Our test methods allowed us to observe not only that subjects made mistakes with these simple materials, which they would have matched perfectly before their illness, but that their errors were not random. For example, Fig. 2 shows one subject’s generalization gradient in which the choice on any trial is specified by its numerical deviation from the sample. For example, when the sample was the written numeral, 7, or the written or dictated number name, “seven,” a subject’s choice of 8 dots had a deviation of + 1; nine dots, a deviation of + 2; 6 dots, − 1; l dot, − 6; and so on; correct choices had a deviation of zero. This subject’s actual errors are listed below the gradient. The main finding here was that the subject’s incorrect choices were related to the samples by proximity in the number sequence. Other subjects also showed a preponderance of errors with small deviations from the sample.

Fig. 2.

Fig. 2

Top: Subject AEF’s generalization gradient with numerals and dots, showing the relation of the subject’s choices to the sample in the number sequence.

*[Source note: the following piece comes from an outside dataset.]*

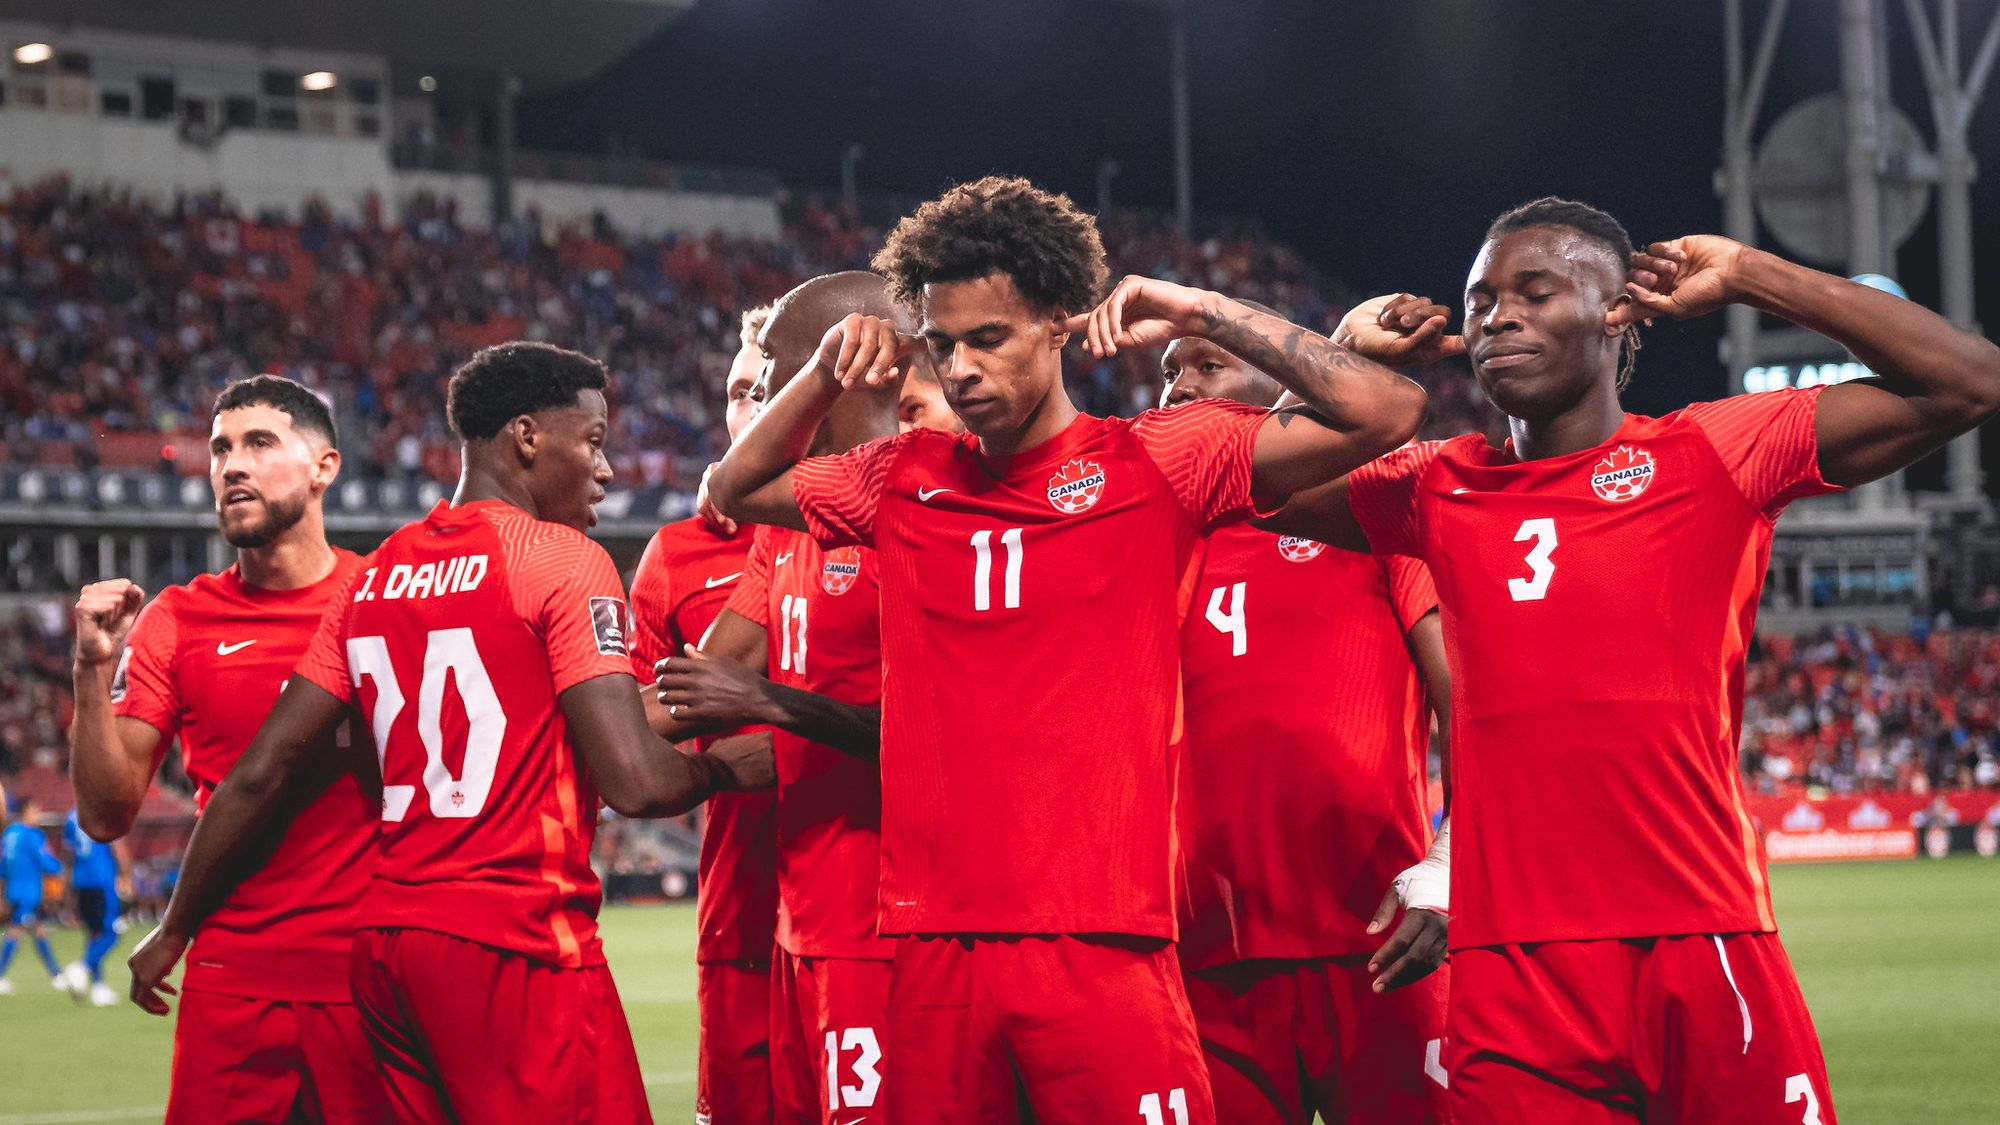 Canada earn impressive 3:0 win over El Salvador in FIFA World Cup Qatar 2022™ Qualifiers
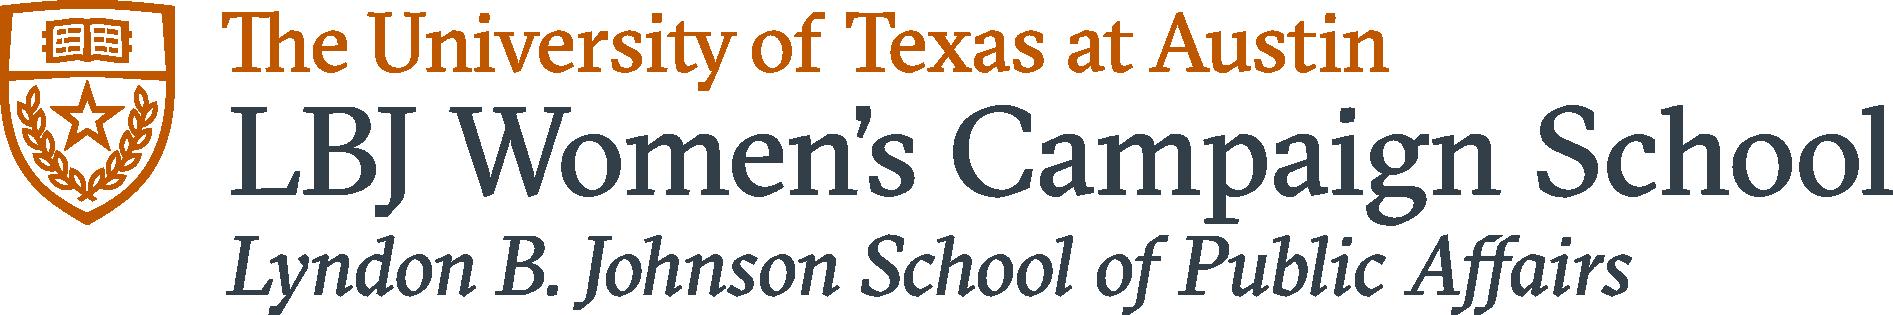 LBJ Women's Campaign School logo

Bottom: Actual errors

These tests required subjects to match stimuli that were only arbitrarily related—numerals, printed or dictated number names, and quantities of dots bore no physical resemblance to each other. Lissauer (1890), in his studies of what he called “mind-blindness,” characterized such symbolic reference as an “inner relation” that depended on language. One might, instead, take a more parsimonious view of our test results: perhaps the subject’s errors were due not to any problem with symbolic reference but simply to imprecise counting of the dots. A second kind of test, however, suggested a more interesting possibility. In these tests, subjects matched numerals to number names; no actual quantities (dots) were involved. When the sample was a numeral, the choices were printed words, and vice versa, as illustrated in Fig. 3. Other tests offered the subjects the same choices but the samples were auditory (dictated) number names.

Fig. 3.

Fig. 3

Tests with numerals and number names. Illustrative trials, simultaneous matching. a Visual number name sample, numeral choices. b Visual numeral sample, number name choices

Again, patients had problems doing these tasks accurately. And again, their errors were not random. One subject, for example, when tested a week after her stroke, showed only slightly less than normal accuracy (88% correct) in the simultaneous matching of numerals to printed digit names, but there was still a definite relation of proximity in the number sequence between each error and what would have been the correct choice (Fig. 4, left). The actual errors, in order of occurrence, are as shown in Table 1 (left column).

Fig. 4.

Fig. 4

Subject M.McL’s generalization gradients showing the relation of a subject’s choices to the sample within the number sequence. Left panel: visual samples and choices. Middle and right panels: auditory samples and visual choices

Table 1.

Errors made by one participant. See text for more information

Matching visual numerals to visual number names Matching dictated number names to visual numerals and visual number words
Sample Error Sample Error
4 Three “Five” Three
5 Four “Seven” Six
6 Seven “Five” Seven
9 Four “Four” Five
3 Two “Seven” Six
2 Six “Five” 3
3 Two “Six” 3
6 Eight “Four” 3
2 Three “Seven” 6
Five 6 “Five” 8
7 Six “Two” 3
“Three” 2

In other tests, this patient was quite unable to match dictated number names to printed numerals or number names (18% correct), and the early generalization gradient showed no relation within the number sequence between errors and correct choices (Fig. 4, center). When the tests with auditory samples were repeated three weeks later, however, her accuracy was much greater (67% correct) and her errors were now related to the correct choices by proximity in the number sequence (Fig. 4, right). The actual errors are shown in Table 1 (right column). These test results were interesting not simply because they provided a quantitative description of patients’ stroke-induced difficulties but because they showed patients to be making the same kinds of errors when matching symbols to each other as when matching those symbols to their referents. The patients were reacting to numerals and number names as if those symbols were actual quantities.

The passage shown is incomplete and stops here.